[SOURCE MATERIAL]:
****
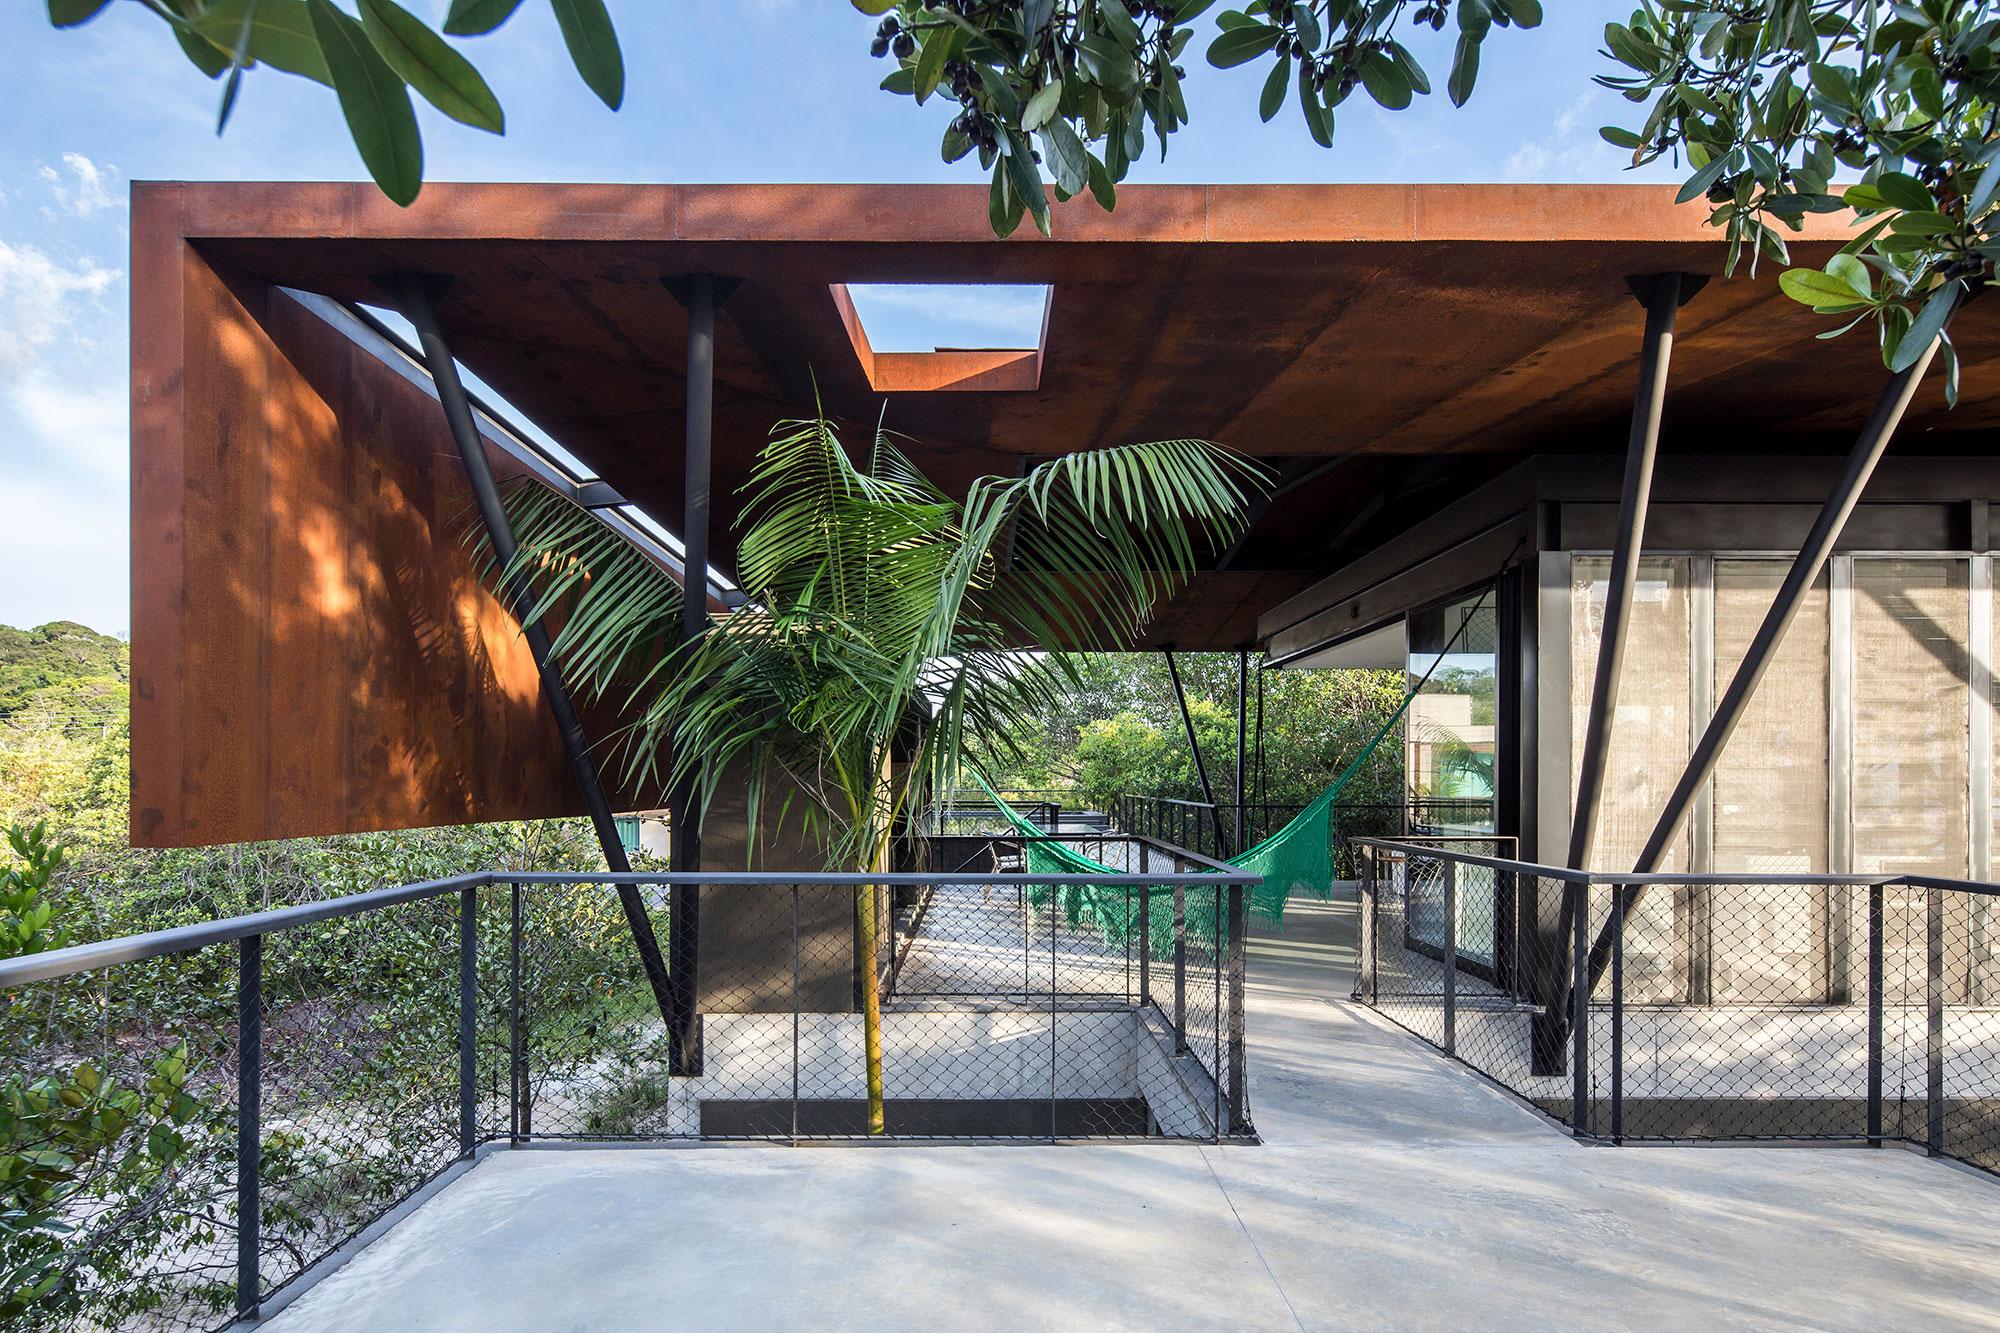 casa campinarana amazonia manaus arquitetura sustentável sustentabilidade amazonas jardim
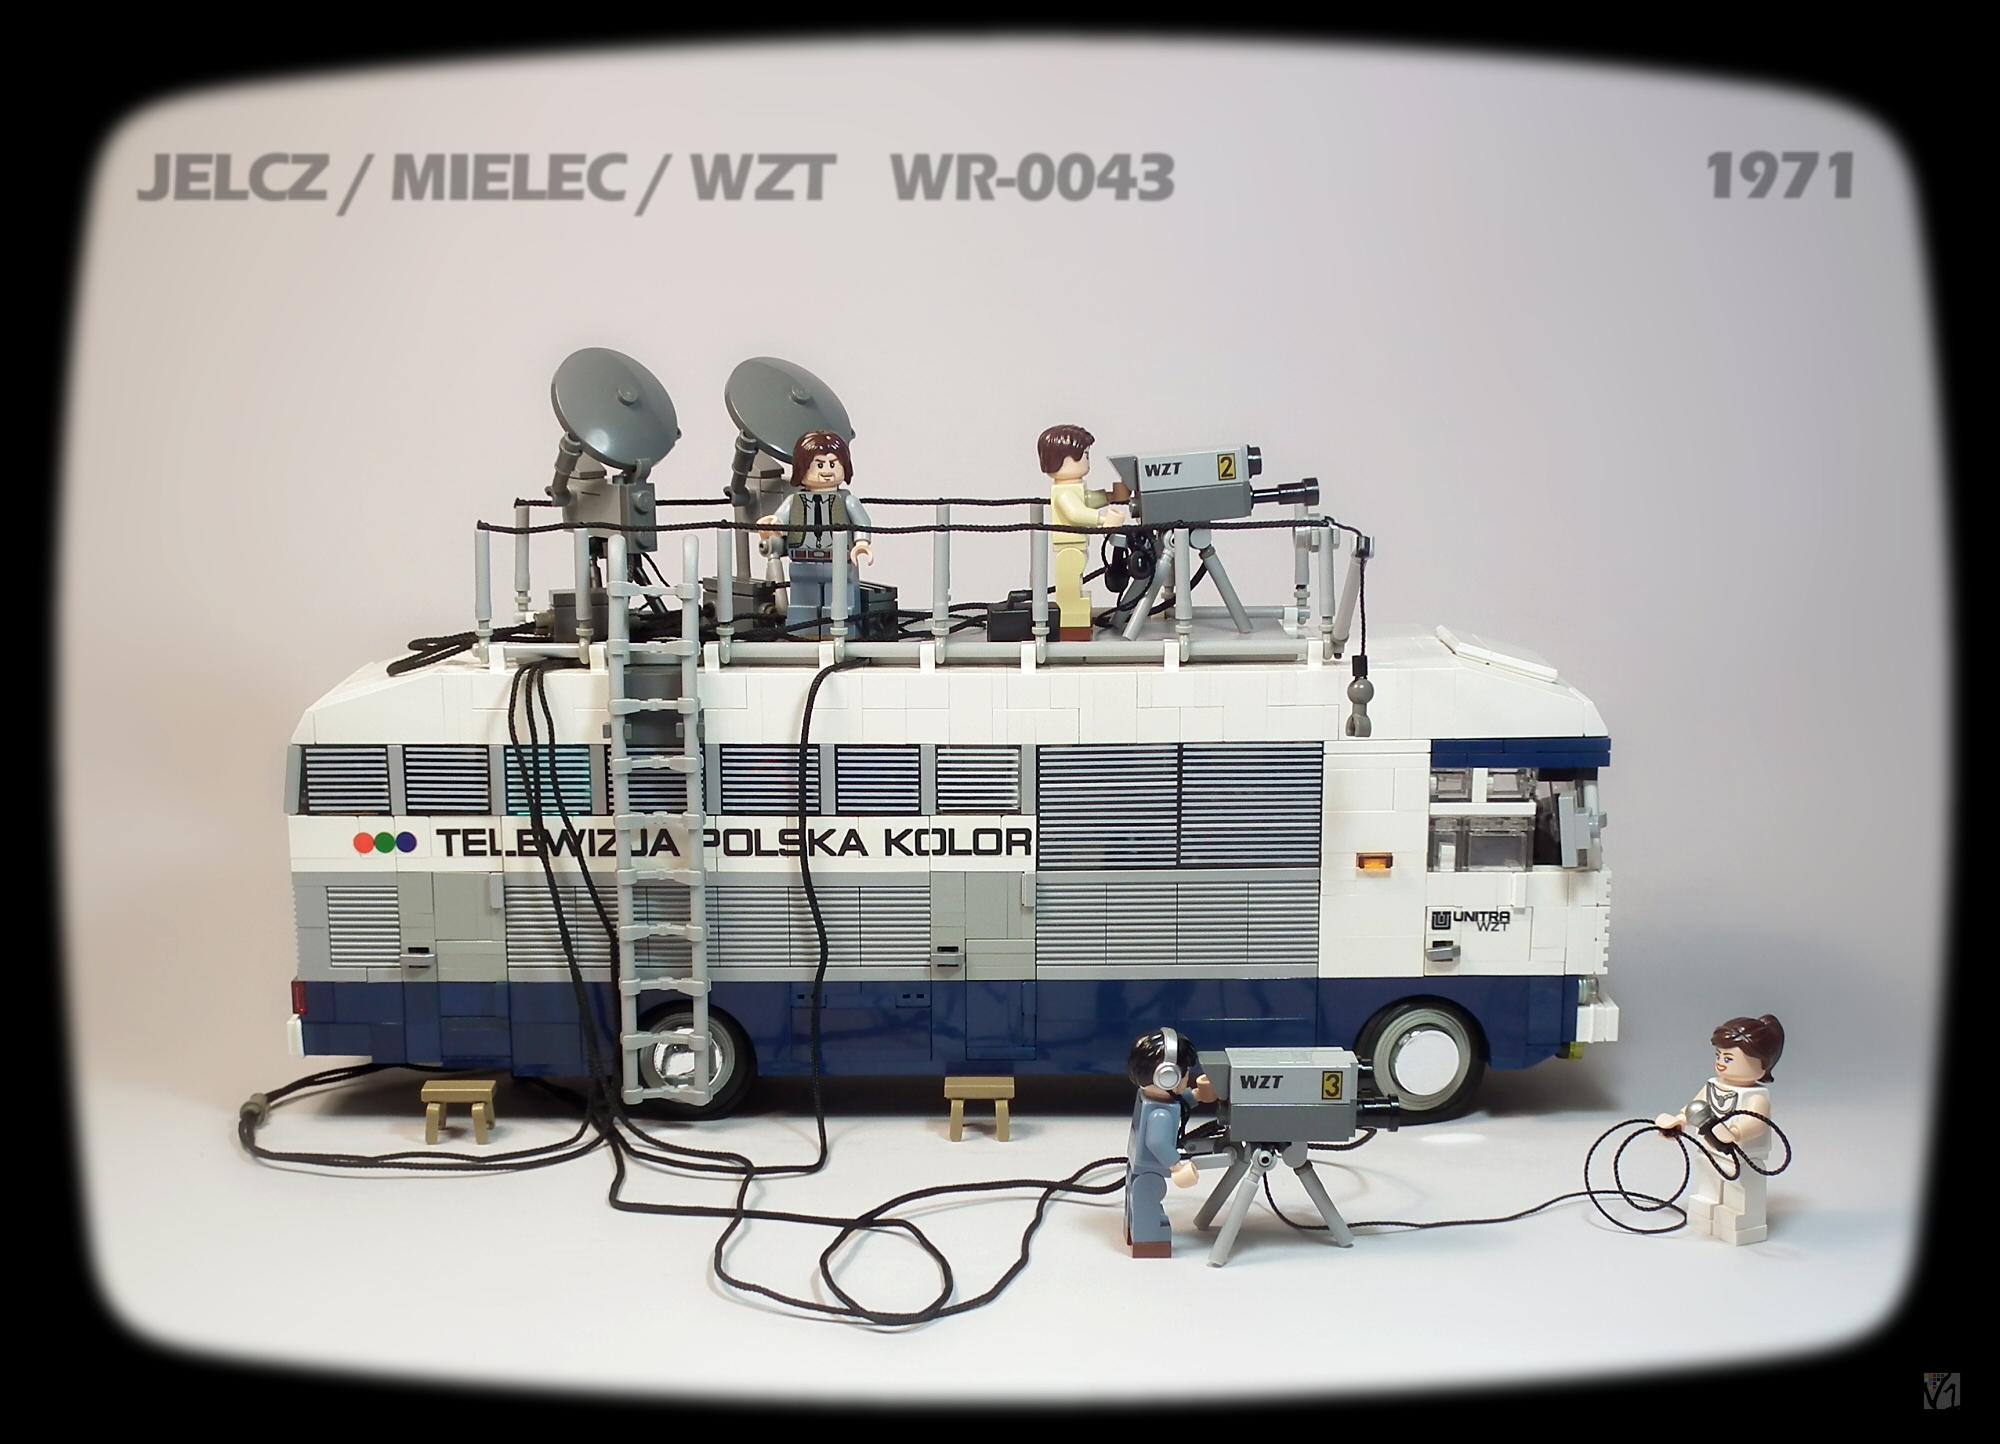 Jelcz Mielec WZT WR-0043
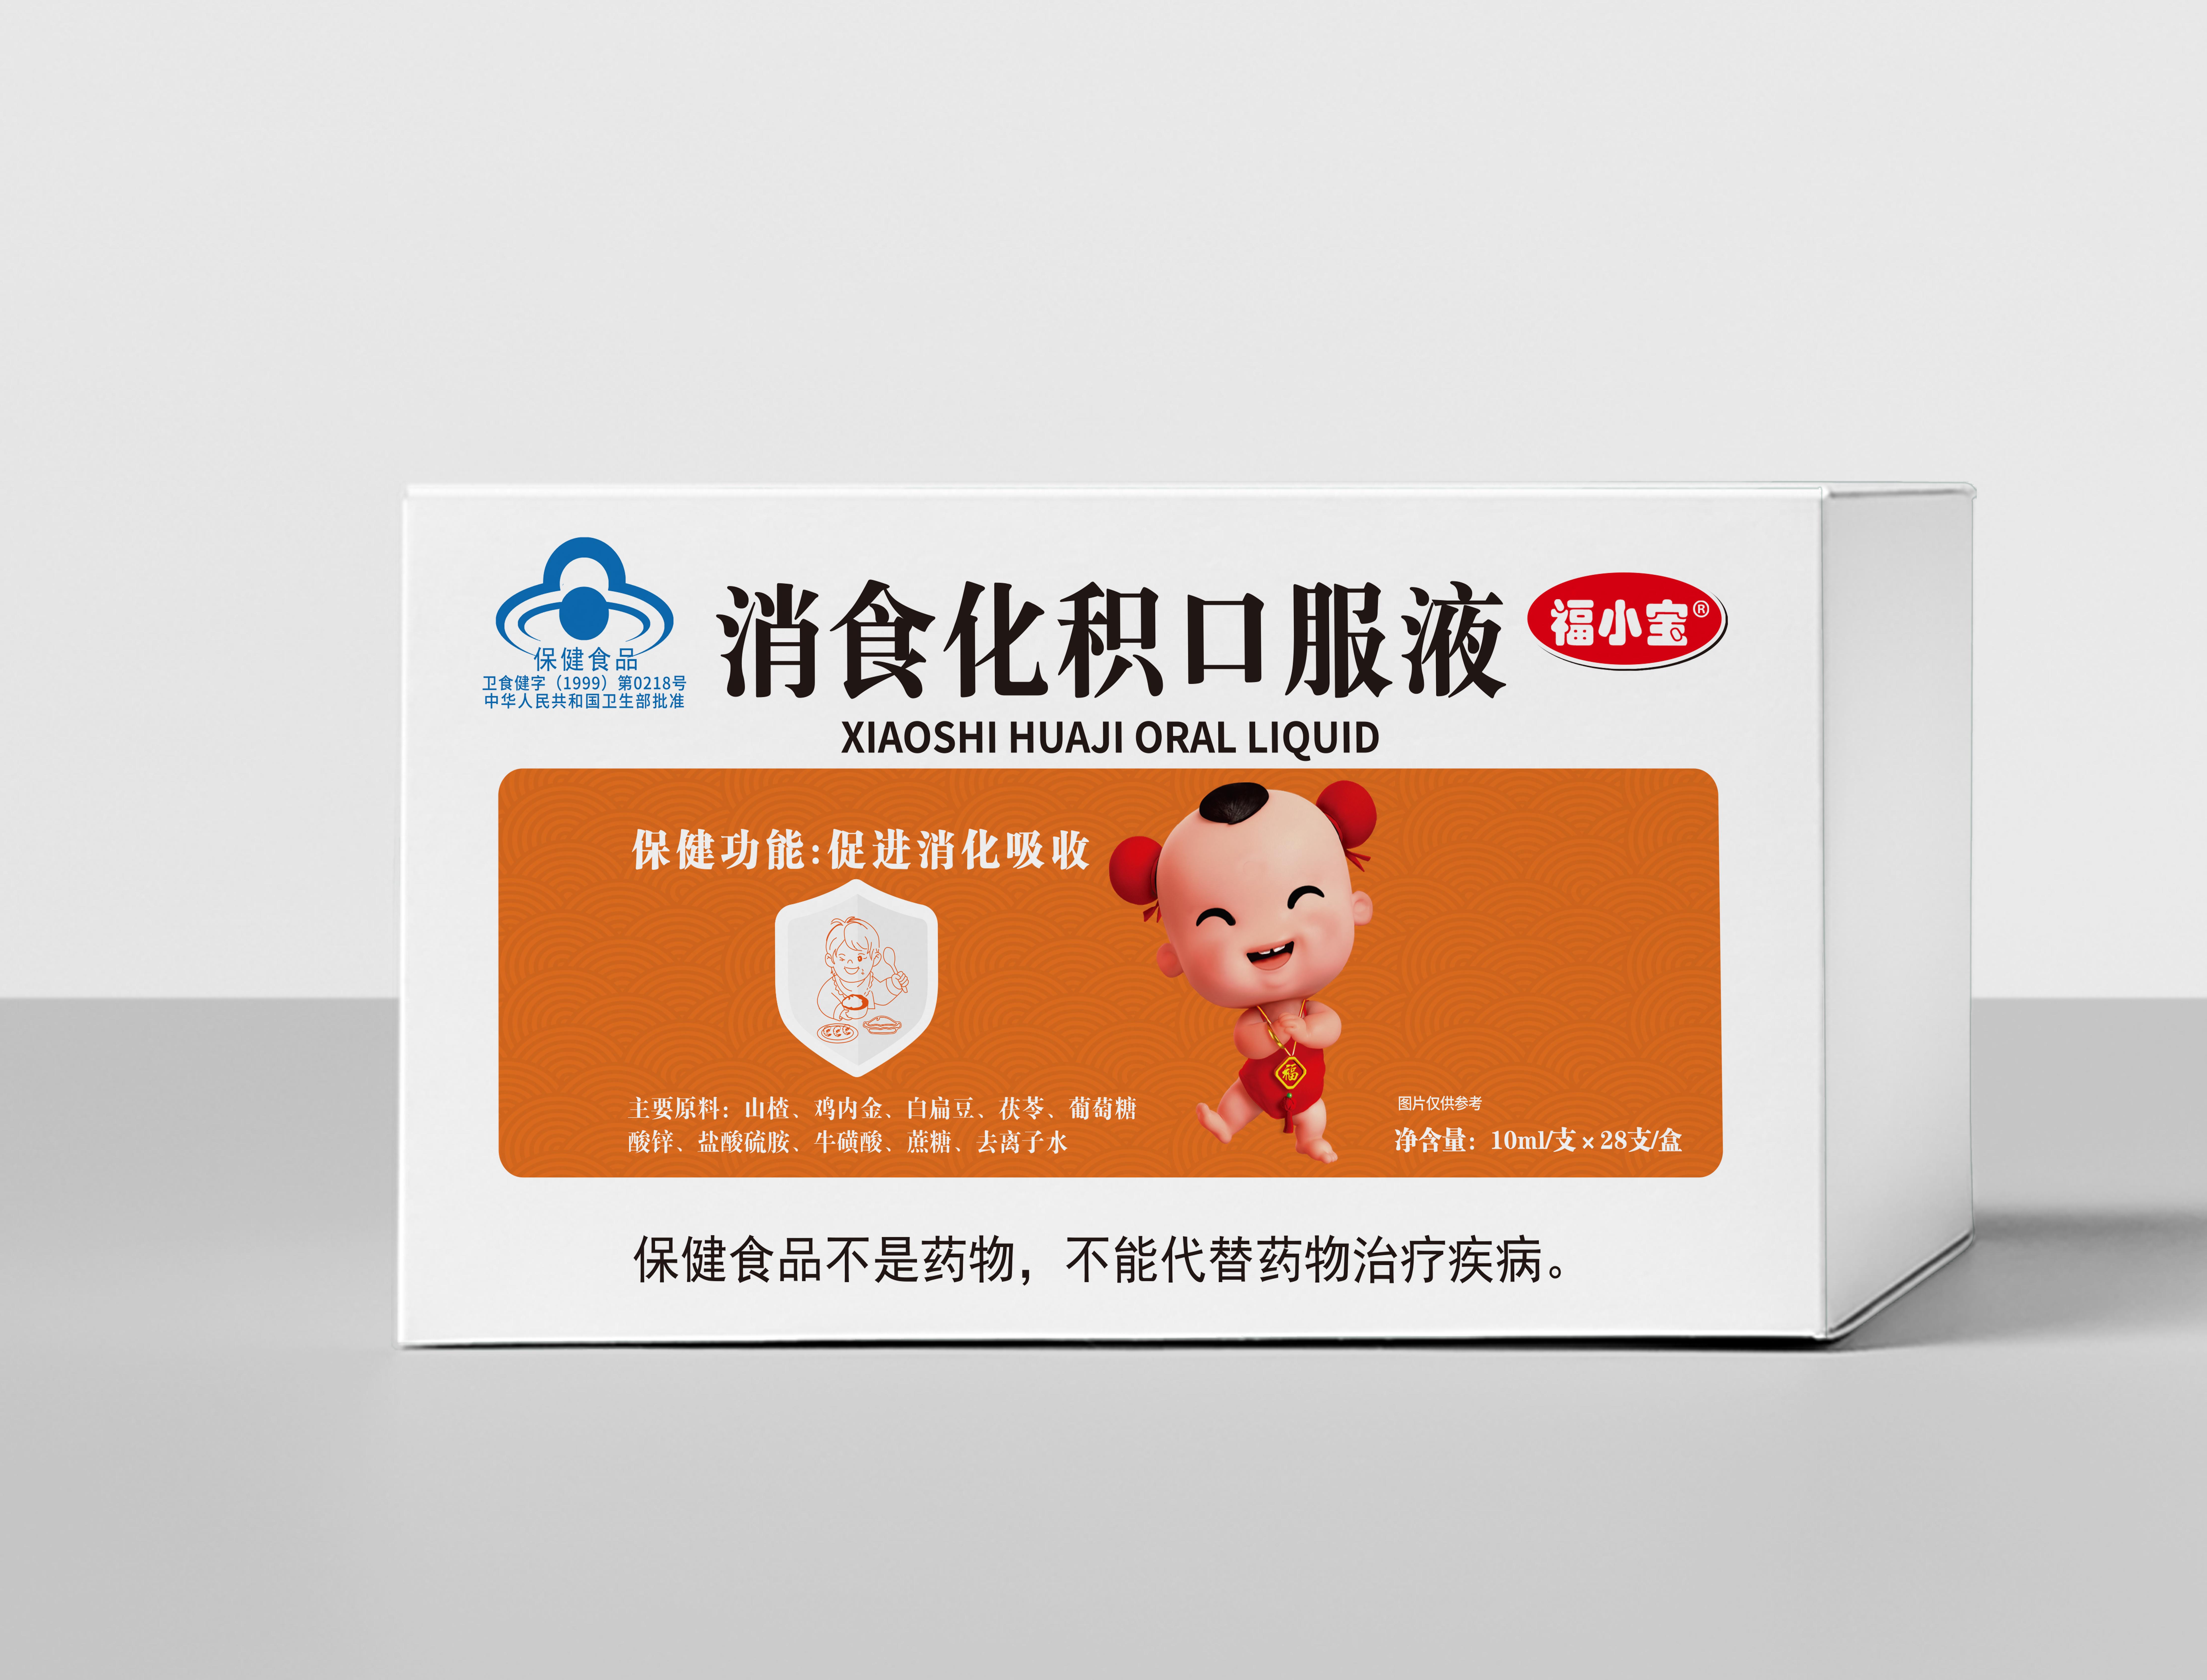 Guangxi Qijian Health Products Co., Ltd
****
[BRIEF]: Take the lines from the one containing "Jelcz Mielec WZT WR-0043" through the last line of the listing and repeat them exactly. Omit the pictures.

[WRITTEN RESPONSE]:
 Jelcz Mielec WZT WR-0043
 Guangxi Qijian Health Products Co., Ltd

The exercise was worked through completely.